This isn't snobbery but The Truth. Cut the end of a loaf and the resulting slice is mostly crust. This makes it different from other slices.

It may perhaps depend upon the loaf.  I have noticed that some brands offer only a sliver on the end piece.  (Forgive my insistence upon the term, but it comes from my earliest recollections, and it really does seem to fit.)  Those breads seem to have instructed their bread-slicing-machine engineers to construct a device that simply removes crust from the outer edges--but not the other parts of the loaf, which I suppose informs my contentiousness--and leaves 24 equally-formed slices.  I generally purchase Arnold's Country Wheat Bread, not only because it tastes delicious, but also because the endpieces are not significantly less massive than the other pieces, which would suggest that the endpieces are decidedly not "mostly crust."  The crust, as I understand a crust to be defined, consists of at most a couple of millimeters of material on the outside of the loaf.  If the bread slices are about a centimeter in thickness, then the endpieces are mostly middle, in fact the overwhelming majority of the endpieces are middle, just like all the other pieces.  The simply have the advantage of also having an extra layer of crust. 

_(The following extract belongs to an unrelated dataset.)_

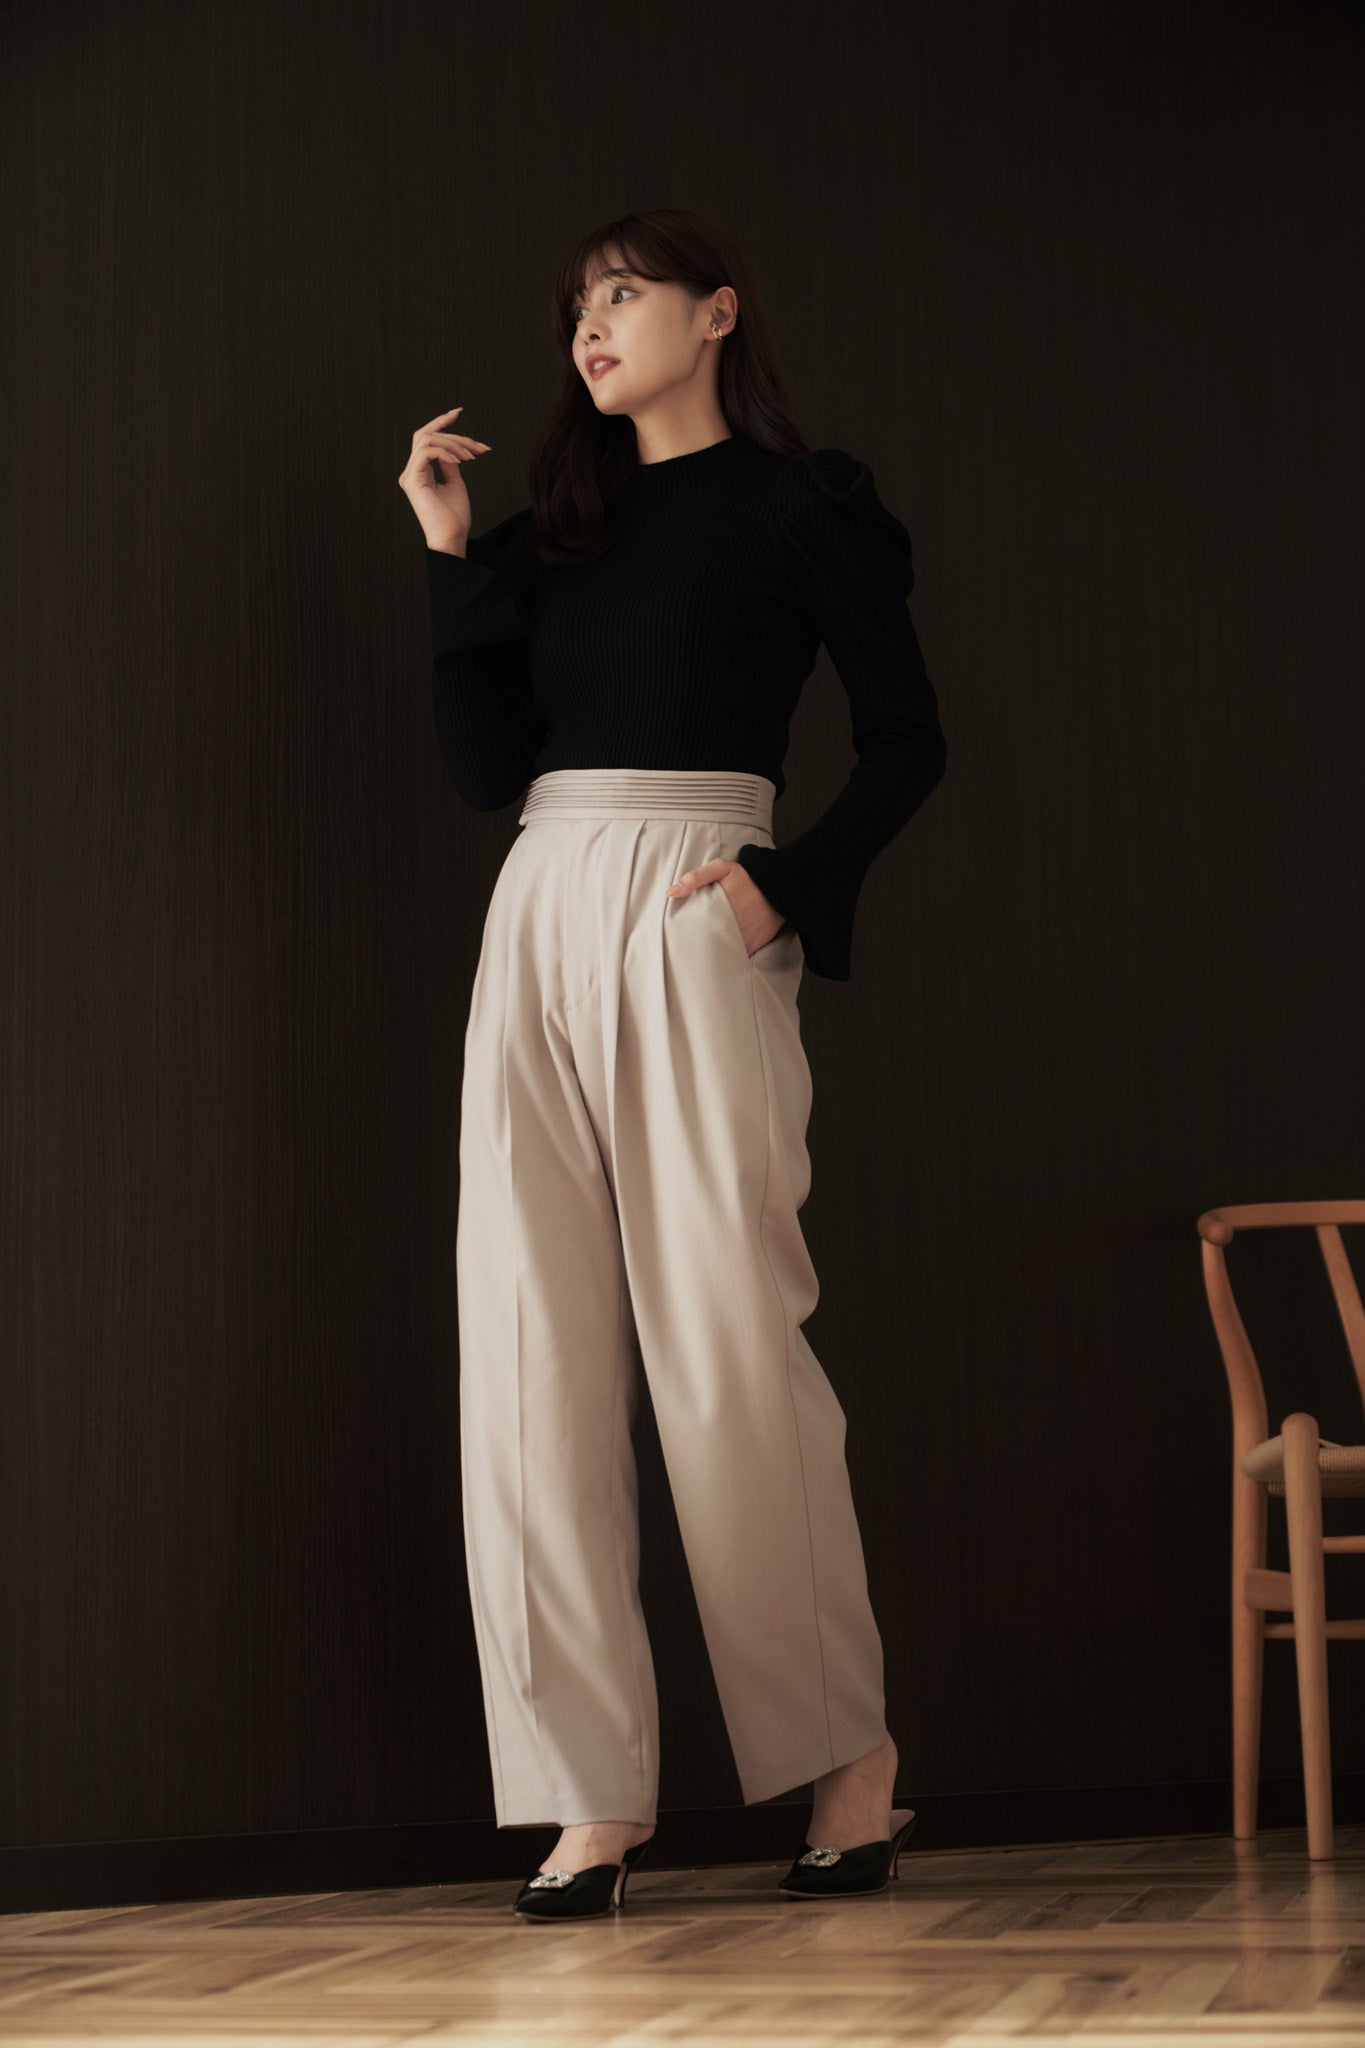 Marilyn Straight Pants Sculpt-Her™ Collection - Charcoal Heathered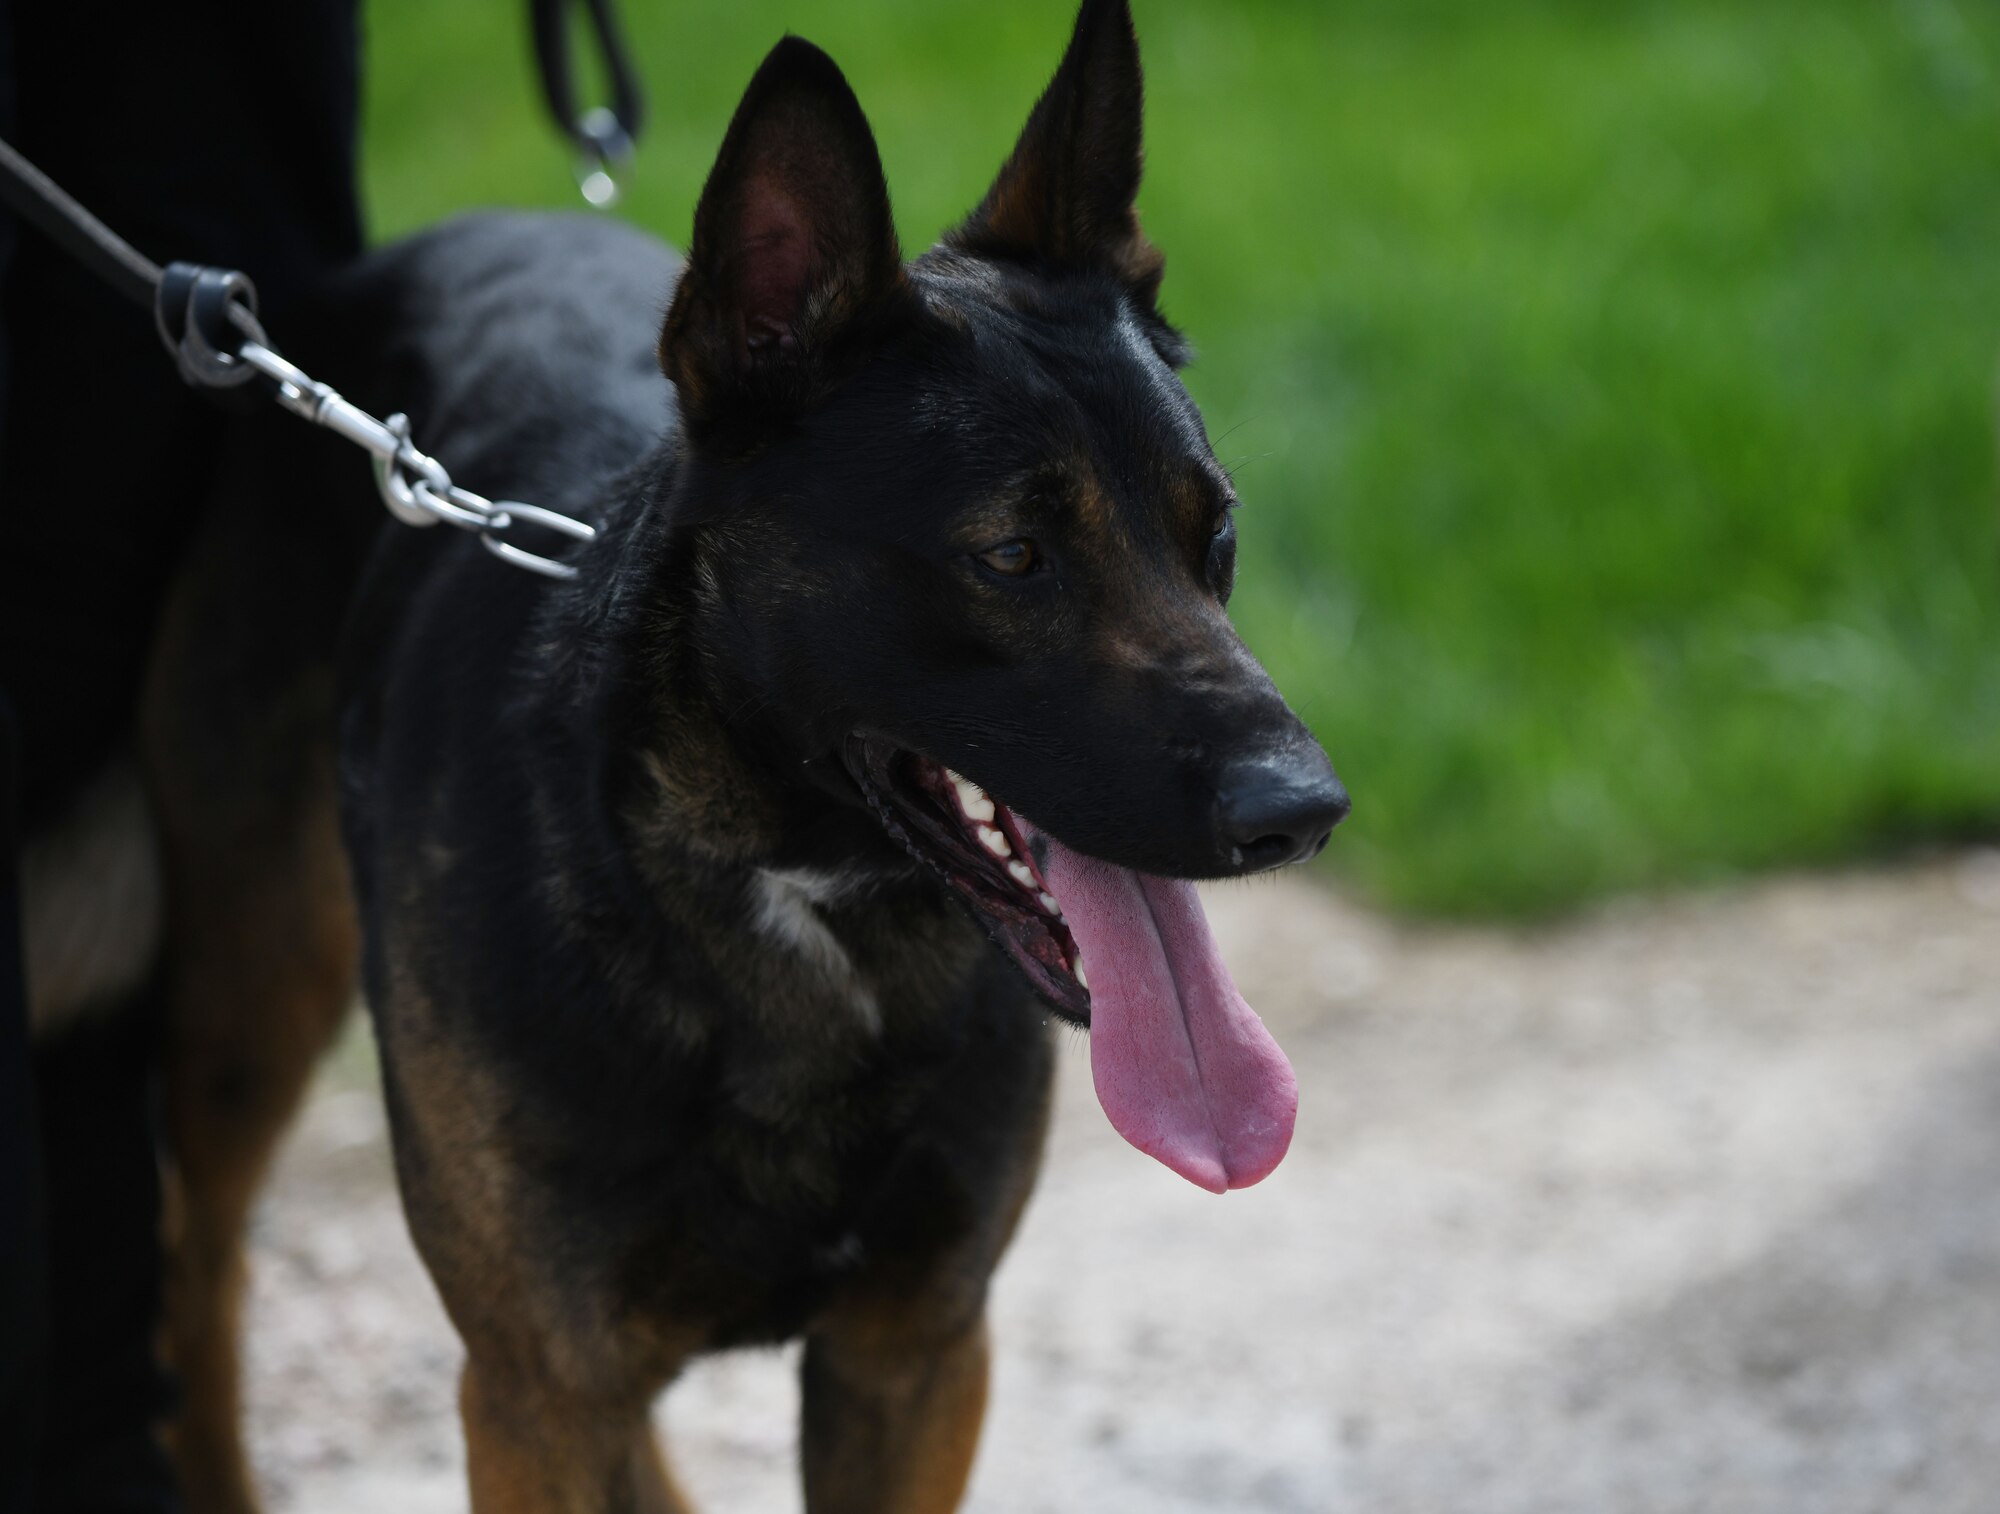 Sem, a South Dakota Highway Patrol police K-9, waits to compete in the 28th Security Forces Squadron military working dog competition held in honor of National Police Week at the K-9 obedience course on Ellsworth Air Force Base, S.D., May 16, 2019. National Police week is held in observance of law enforcement officers who have died in the line of duty while protecting communities nationwide. (U.S. Air Force photo by Airman 1st Class Christina Bennett)

To call the endpieces crust would be tantamount to calling the continent of Australia "coastline."  Sure, the ratio of coastline to interior is greater for Australia than for any other continent, but it is disingenuous and misleading to call the entire continent a coastline simply because it has a greater ratio of coastline to interior than any other continent.  I, for one, like coastline.  Coastline is delicious.  If a piece of continent has a greater coastline-to-interior ratio than the average continent, then it is, to me, a savory and delicious continent.  It should be drenched in hummus and minced garlic and toasted and eaten with abandon.  It is a rare treat.  It is not coastline in its entirety, but because the coastline of such a morsel is never far away from the tongue, it is as gold nuggets among stones.  It is a favored slice of geography.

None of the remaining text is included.